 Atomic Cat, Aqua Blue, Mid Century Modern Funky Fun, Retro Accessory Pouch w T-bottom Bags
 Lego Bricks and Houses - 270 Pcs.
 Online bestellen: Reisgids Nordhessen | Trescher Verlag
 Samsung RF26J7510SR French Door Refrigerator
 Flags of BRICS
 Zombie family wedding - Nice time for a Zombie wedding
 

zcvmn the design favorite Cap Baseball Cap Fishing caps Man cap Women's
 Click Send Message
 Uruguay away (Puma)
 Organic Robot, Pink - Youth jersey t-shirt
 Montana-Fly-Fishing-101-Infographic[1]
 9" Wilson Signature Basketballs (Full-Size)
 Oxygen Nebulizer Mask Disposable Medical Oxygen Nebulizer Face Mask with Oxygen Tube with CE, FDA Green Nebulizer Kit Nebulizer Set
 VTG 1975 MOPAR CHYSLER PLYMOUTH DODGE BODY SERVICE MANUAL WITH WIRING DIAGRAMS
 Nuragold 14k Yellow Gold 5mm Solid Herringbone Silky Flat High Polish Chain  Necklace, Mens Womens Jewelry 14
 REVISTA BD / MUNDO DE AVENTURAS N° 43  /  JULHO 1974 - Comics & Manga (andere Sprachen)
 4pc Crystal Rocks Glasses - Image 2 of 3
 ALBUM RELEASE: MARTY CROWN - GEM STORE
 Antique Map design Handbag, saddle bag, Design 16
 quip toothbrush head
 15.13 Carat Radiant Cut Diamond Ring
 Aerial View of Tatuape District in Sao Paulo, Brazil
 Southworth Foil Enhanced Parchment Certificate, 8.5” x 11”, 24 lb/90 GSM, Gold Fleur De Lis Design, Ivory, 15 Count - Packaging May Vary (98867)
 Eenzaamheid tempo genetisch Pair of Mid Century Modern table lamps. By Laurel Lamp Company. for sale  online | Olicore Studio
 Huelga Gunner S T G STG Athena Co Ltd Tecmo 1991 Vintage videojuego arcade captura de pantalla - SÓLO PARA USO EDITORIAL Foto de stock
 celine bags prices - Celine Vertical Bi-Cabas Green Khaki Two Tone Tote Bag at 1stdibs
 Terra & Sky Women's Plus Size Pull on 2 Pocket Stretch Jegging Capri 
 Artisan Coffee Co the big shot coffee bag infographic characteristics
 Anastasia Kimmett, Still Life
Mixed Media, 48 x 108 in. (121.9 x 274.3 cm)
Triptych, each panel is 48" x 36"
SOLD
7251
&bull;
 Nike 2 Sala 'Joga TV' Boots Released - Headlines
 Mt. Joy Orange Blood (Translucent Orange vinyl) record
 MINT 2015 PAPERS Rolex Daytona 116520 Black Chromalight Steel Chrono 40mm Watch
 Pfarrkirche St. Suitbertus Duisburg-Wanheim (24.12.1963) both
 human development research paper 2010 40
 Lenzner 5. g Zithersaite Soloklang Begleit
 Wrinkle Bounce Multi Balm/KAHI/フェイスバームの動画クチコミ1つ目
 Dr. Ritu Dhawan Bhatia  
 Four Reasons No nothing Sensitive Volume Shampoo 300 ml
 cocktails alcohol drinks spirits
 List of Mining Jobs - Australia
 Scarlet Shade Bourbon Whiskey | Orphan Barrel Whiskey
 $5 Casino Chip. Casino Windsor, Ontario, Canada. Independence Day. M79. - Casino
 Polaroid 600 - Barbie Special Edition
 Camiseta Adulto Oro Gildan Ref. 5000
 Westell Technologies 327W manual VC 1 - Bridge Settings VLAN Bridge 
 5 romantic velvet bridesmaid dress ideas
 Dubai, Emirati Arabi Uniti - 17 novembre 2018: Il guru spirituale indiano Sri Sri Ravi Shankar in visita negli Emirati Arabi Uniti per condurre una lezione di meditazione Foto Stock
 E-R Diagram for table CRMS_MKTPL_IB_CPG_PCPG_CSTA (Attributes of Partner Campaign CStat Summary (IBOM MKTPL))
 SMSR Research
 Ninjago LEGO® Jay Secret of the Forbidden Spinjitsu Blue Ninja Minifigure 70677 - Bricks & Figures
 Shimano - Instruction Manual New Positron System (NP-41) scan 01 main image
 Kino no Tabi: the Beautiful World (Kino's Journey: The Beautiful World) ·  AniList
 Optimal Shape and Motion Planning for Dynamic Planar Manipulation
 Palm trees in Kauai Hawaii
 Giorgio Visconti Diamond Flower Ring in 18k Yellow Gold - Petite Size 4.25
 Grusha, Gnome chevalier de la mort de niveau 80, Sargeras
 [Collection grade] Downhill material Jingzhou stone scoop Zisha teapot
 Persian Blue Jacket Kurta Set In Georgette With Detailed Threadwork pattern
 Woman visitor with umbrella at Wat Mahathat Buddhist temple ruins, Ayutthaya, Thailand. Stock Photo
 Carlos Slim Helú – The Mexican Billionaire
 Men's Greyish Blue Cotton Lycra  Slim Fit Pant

::::::

**To do**.
Look over the records above, and wherever a line contains the string "Yellow", copy that line.

**Result for this task**.
 Nuragold 14k Yellow Gold 5mm Solid Herringbone Silky Flat High Polish Chain  Necklace, Mens Womens Jewelry 14
 Giorgio Visconti Diamond Flower Ring in 18k Yellow Gold - Petite Size 4.25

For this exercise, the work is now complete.